Inasmuch as the doctors should be catered for very well, I think going on strike and holding the ‘scrotum’ of government while negotiating is very wrong (Even though, I know strike is the language the Ghanaian politician understands).

I have been brooding over why the doctors failed to stick to the old conditions of service that government was unfulfilling? Why did they upgrade ‘the baby conditions of service into elephant conditions of service’ that has scared even the fishermen and the fishmongers in the ancient capital of Oguaa?

In this country called Ghana, there are many workers who have conditions of service but these conditions of service remain in books and on the shelves. I dread that in the weeks to come, more of these strikes will ‘sprout’ like how a rose flower cranes it neck to receive a massage from the sun.

Take the GES for instance; under the conditions of service, Headmasters, Assistant Headmasters, Senior Housemasters, Housemasters, Principals, Vice principals, Head teachers, Assistant head teachers, frontline, AD’s and Guidance and Counseling Officers in 2nd Cycle institutions are supposed to be provided with free residential accommodation. The conditions of service state that where there is no residential accommodation, the service shall be responsible for the rents of the officer concerned.

It further states that employees who are not occupying Service quarters shall be entitled to a housing allowance of 35% of the basic monthly salary.

Ask all teachers whether or not they do enjoy these things enshrined in the collective Agreement between the Ghana Education Service and the Teacher Unions in the Education service as far back as 2009?

The system in Ghana is just bad and riddled with an administrative system so bureaucratic, so mundane such that it does not respond to any urgency or transformation to solve problems. Once the problem arises, a knee-jerk reaction is adopted and everyone goes to bed only to wake up with the same issue begging for solutions.

What prevented government from addressing this issue when the doctors confronted them as far back as last year? What were they waiting for? Why do we allow things to deteriorate in this country before an action is sought? I am of a firm conviction that the leaked proposal has delved such a hefty blow to the Medical doctors like how the wind does to the anus of a hen. The leakage appears to have done its job very well but two questions beg for answers? Why should the proposals be leaked? Are these the best practices that are adopted during negotiations? Well, I guess your answers might be right!

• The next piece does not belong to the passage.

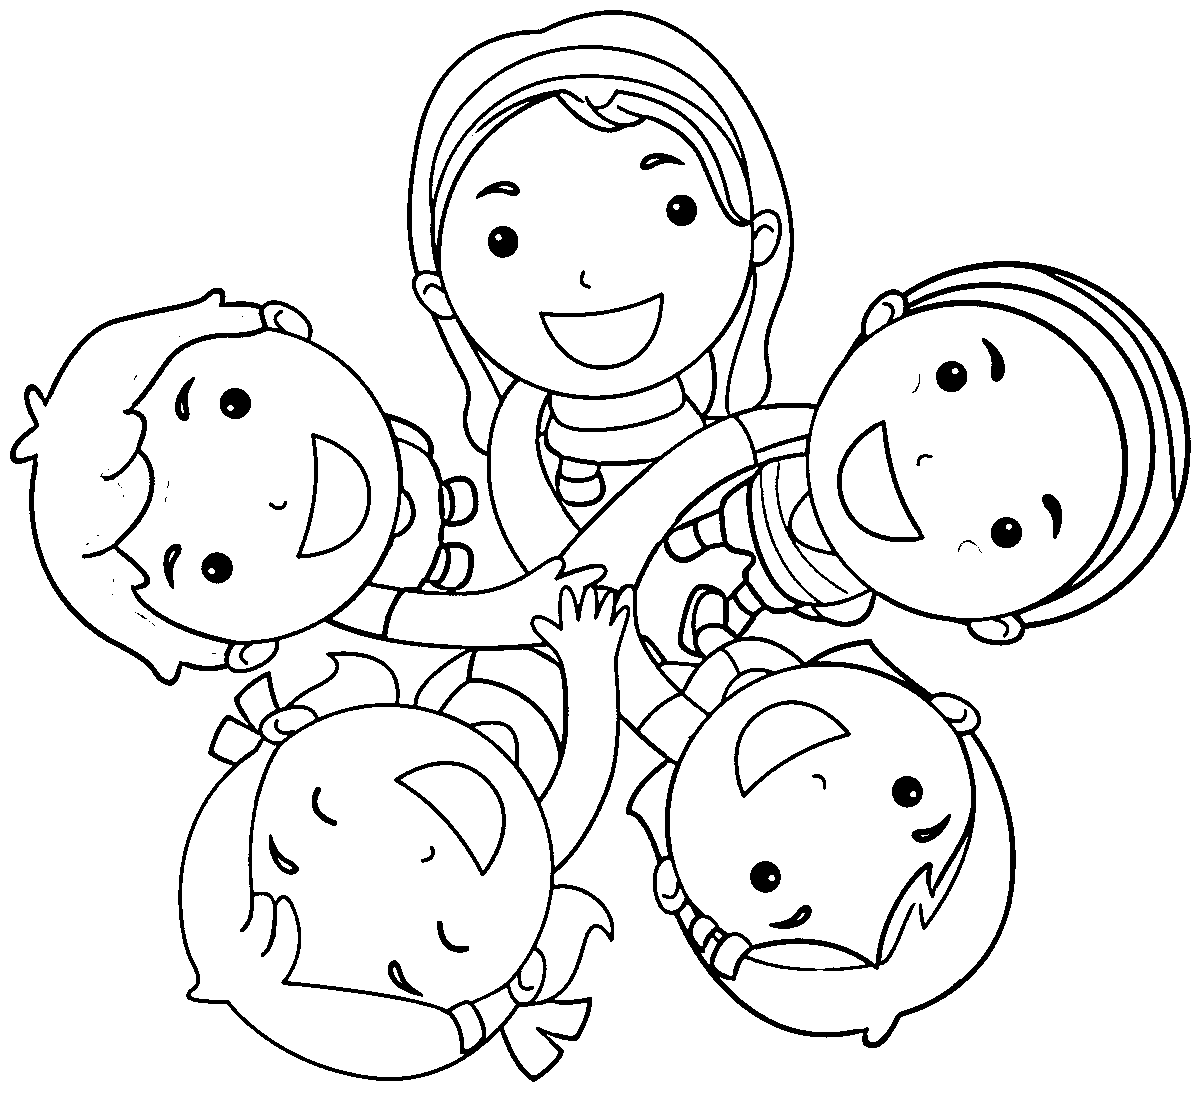 Friendship Coloring Pages To Download And Print For Free

Have you ever wondered why there is money to honour the ‘whims and caprices’ of politicians but when it comes to the satisfaction of other workers, there is no money? Yes, such is the system! The politicians will always have their way and that is why a lot of people are abandoning their God-given professions and entering into politics because that is the only place one gets what he/she wants.

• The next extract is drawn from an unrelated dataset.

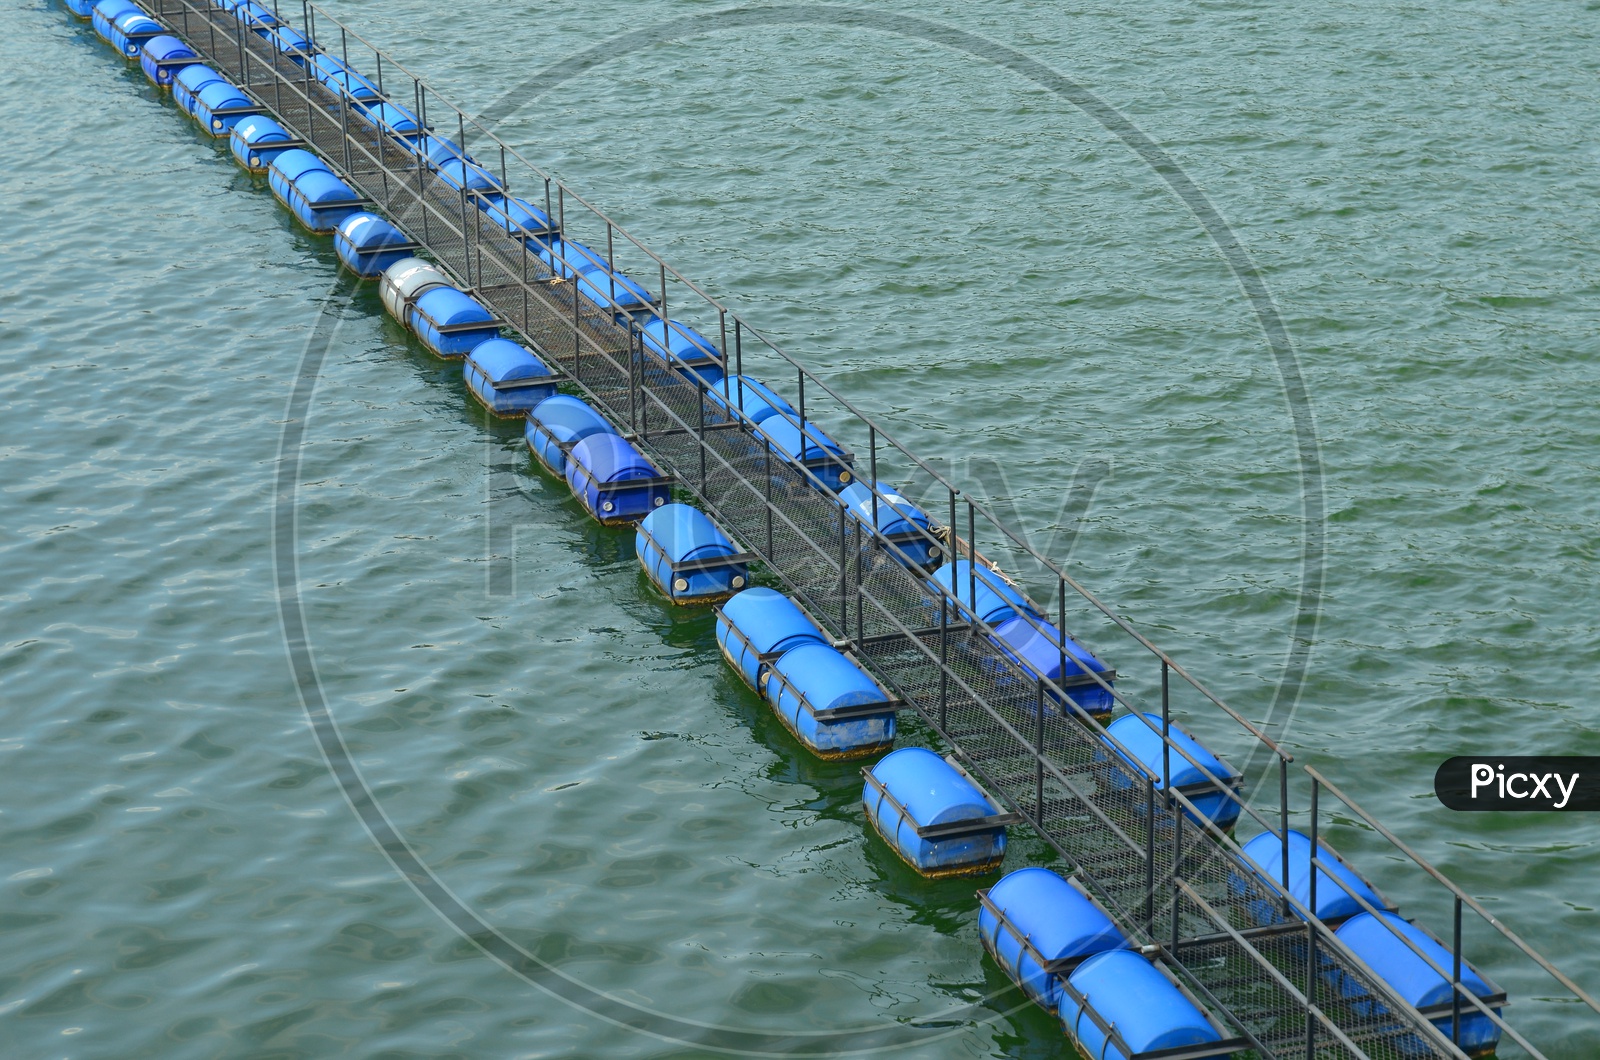 Buoy Lines  made of plastic drums floating on water in Hydroelectric Power plant of dam

The only time the National labour commission in this country speaks is when people go on strike but when workers are not treated well, they watch with alacrity until the ‘unthinkable’ happens.

Even though, government hasn’t handled the matter very well, I pray the doctors return to work as a matter of urgency and return to the negotiation table. If not, I challenge them to resign en bloc as they have warned. Or alternatively, government should consider terminating the appointments of ALL Doctors on strike and issue promissory notes to pay all arrears over a period, which the Doctors can discount at the banks as suggested by Kofi Bentil of Imani, Ghana.

It is really very sad when after the strikes, those who died as a result can’t be brought back to life; those who suffered complications might be perpetually maimed and those who incurred loses do so at their own cost. God save us and save all the fishermen from Oguaa!